Work order: If an entry contains a picture, omit that picture and transcribe everything else exactly.

The data:
******************************

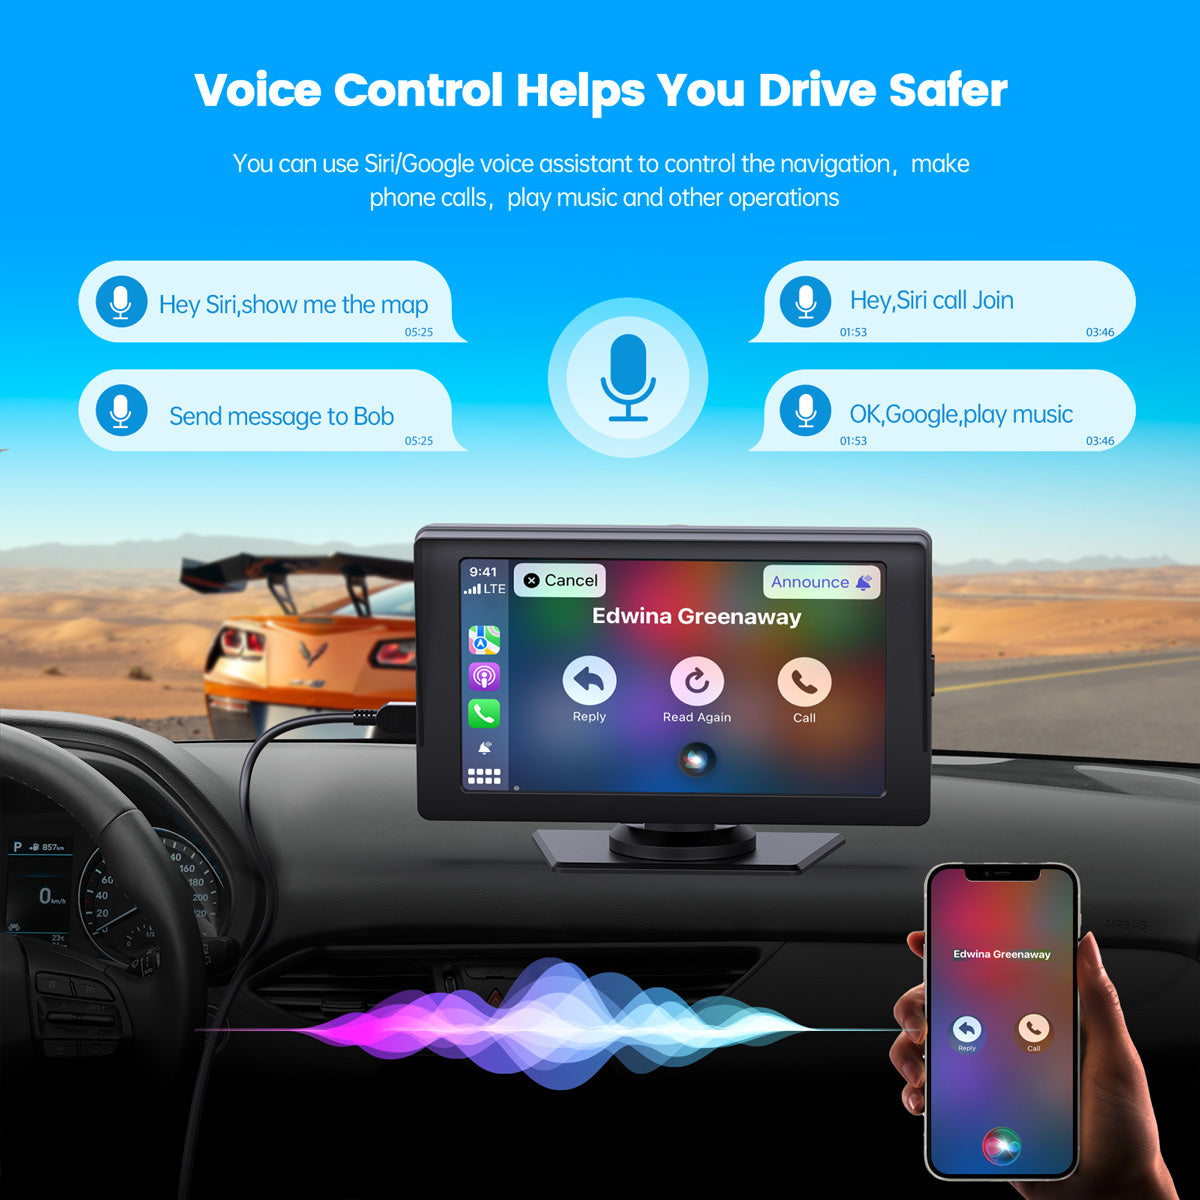 Toguard RC04 7'' Wireless Apple Car Play & Android Auto Touch Screen Sync GPS Navigation Audio Car Radio Receiver for Car, Bluetooth, Siri, Multimedia Player, FM
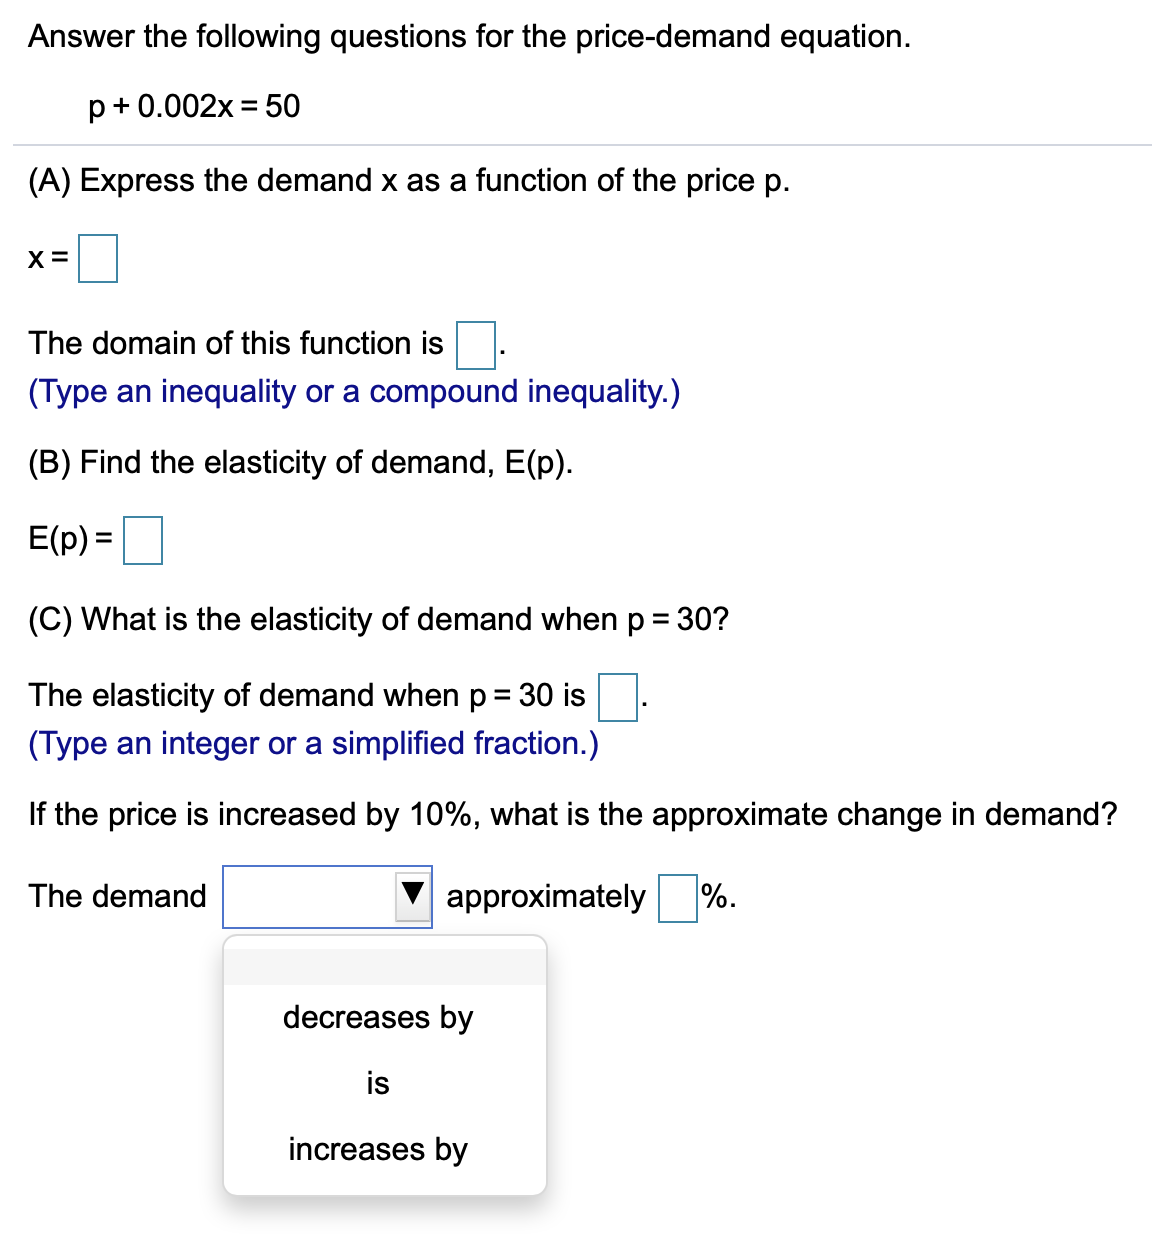 Answer the following questions for the price-demand equation.
p+0.002x = 50
(A) Express the demand x as a function of the price p.
X =
The domain of this function is
(Type an inequality or a compound inequality.)
(B) Find the elasticity of demand, E(p).
E(p) =|
(C) What is the elasticity of demand when p = 30?
%3D
The elasticity of demand when p = 30 is
(Type an integer or a simplified fraction.)
If the price is increased by 10%, what is the approximate change in demand?
The demand
V approximately
%.
decreases by
is
increases by

******************************

Written answer:
 Toguard RC04 7'' Wireless Apple Car Play & Android Auto Touch Screen Sync GPS Navigation Audio Car Radio Receiver for Car, Bluetooth, Siri, Multimedia Player, FM
 Answer the following questions for the price-demand equation.
p+0.002x = 50
(A) Express the demand x as a function of the price p.
X =
The domain of this function is
(Type an inequality or a compound inequality.)
(B) Find the elasticity of demand, E(p).
E(p) =|
(C) What is the elasticity of demand when p = 30?
%3D
The elasticity of demand when p = 30 is
(Type an integer or a simplified fraction.)
If the price is increased by 10%, what is the approximate change in demand?
The demand
V approximately
%.
decreases by
is
increases by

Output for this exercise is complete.